= Beginning of Section =

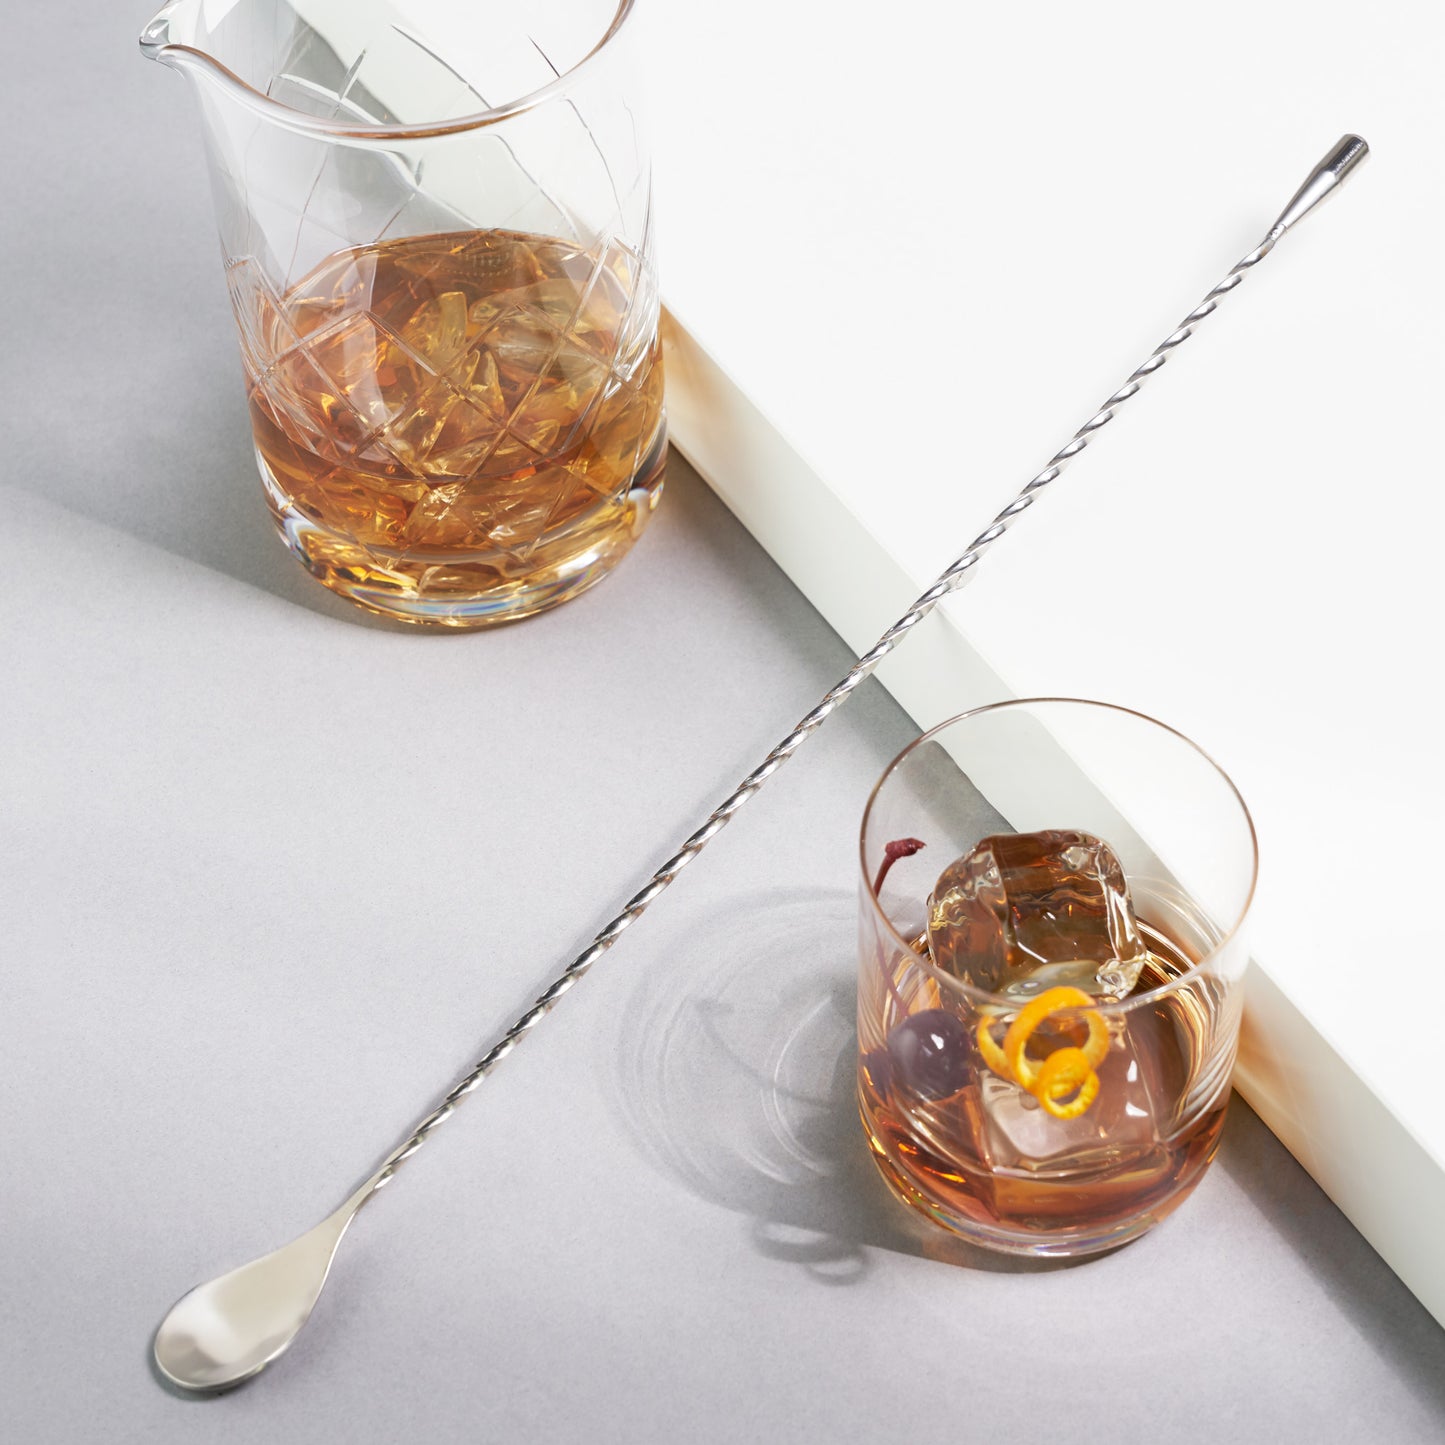 Weighted Bar Spoon -Stainless Steel
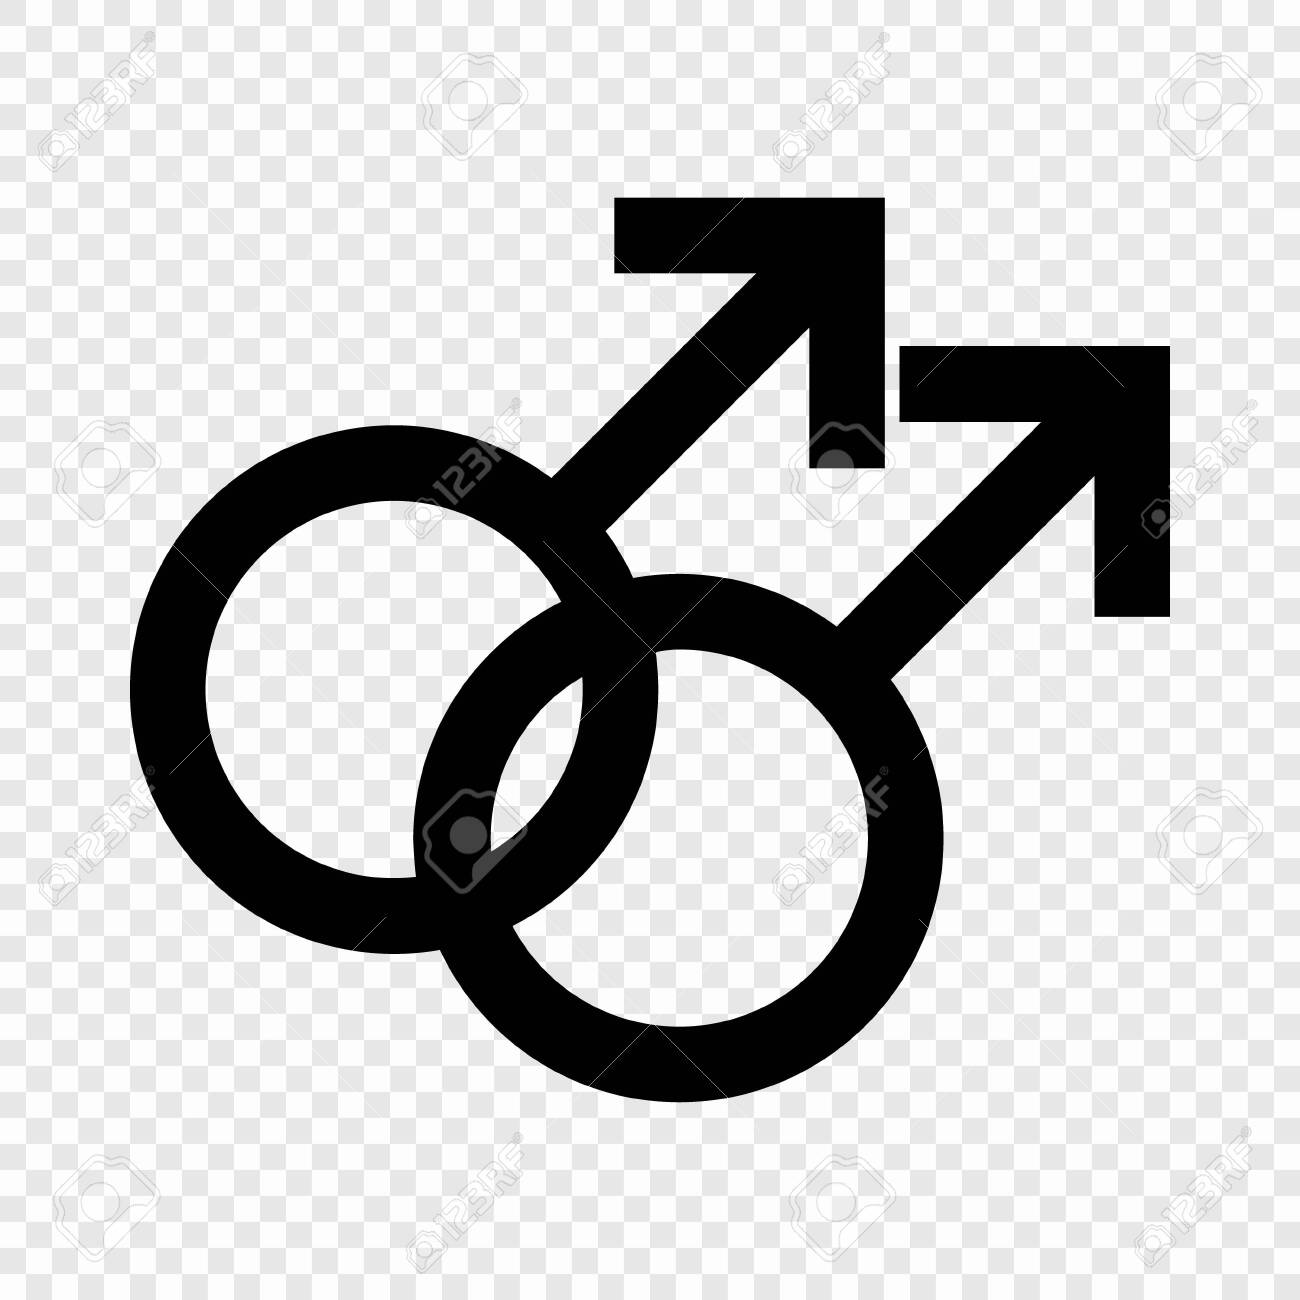 Double Male Symbol Represents Gay Males Template For Your
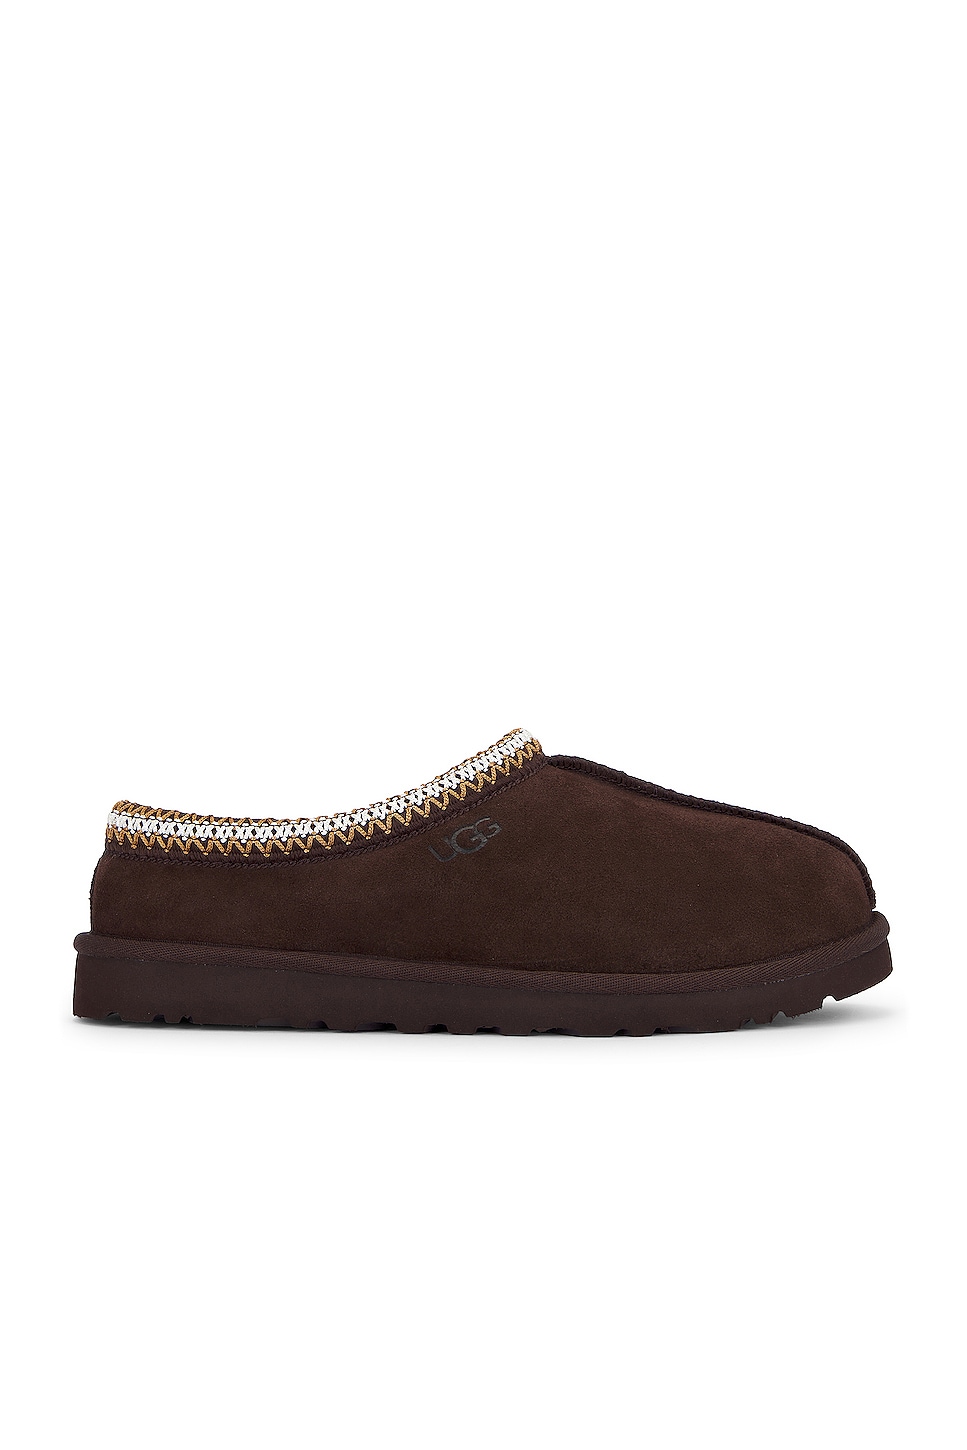 Image 1 of UGG Tasman in Dusted Cocoa

= End of Section =

* Action item *
Please retype the data exactly, but do not carry over any picture.

* Task solution *
 Weighted Bar Spoon -Stainless Steel
 Double Male Symbol Represents Gay Males Template For Your
 Image 1 of UGG Tasman in Dusted Cocoa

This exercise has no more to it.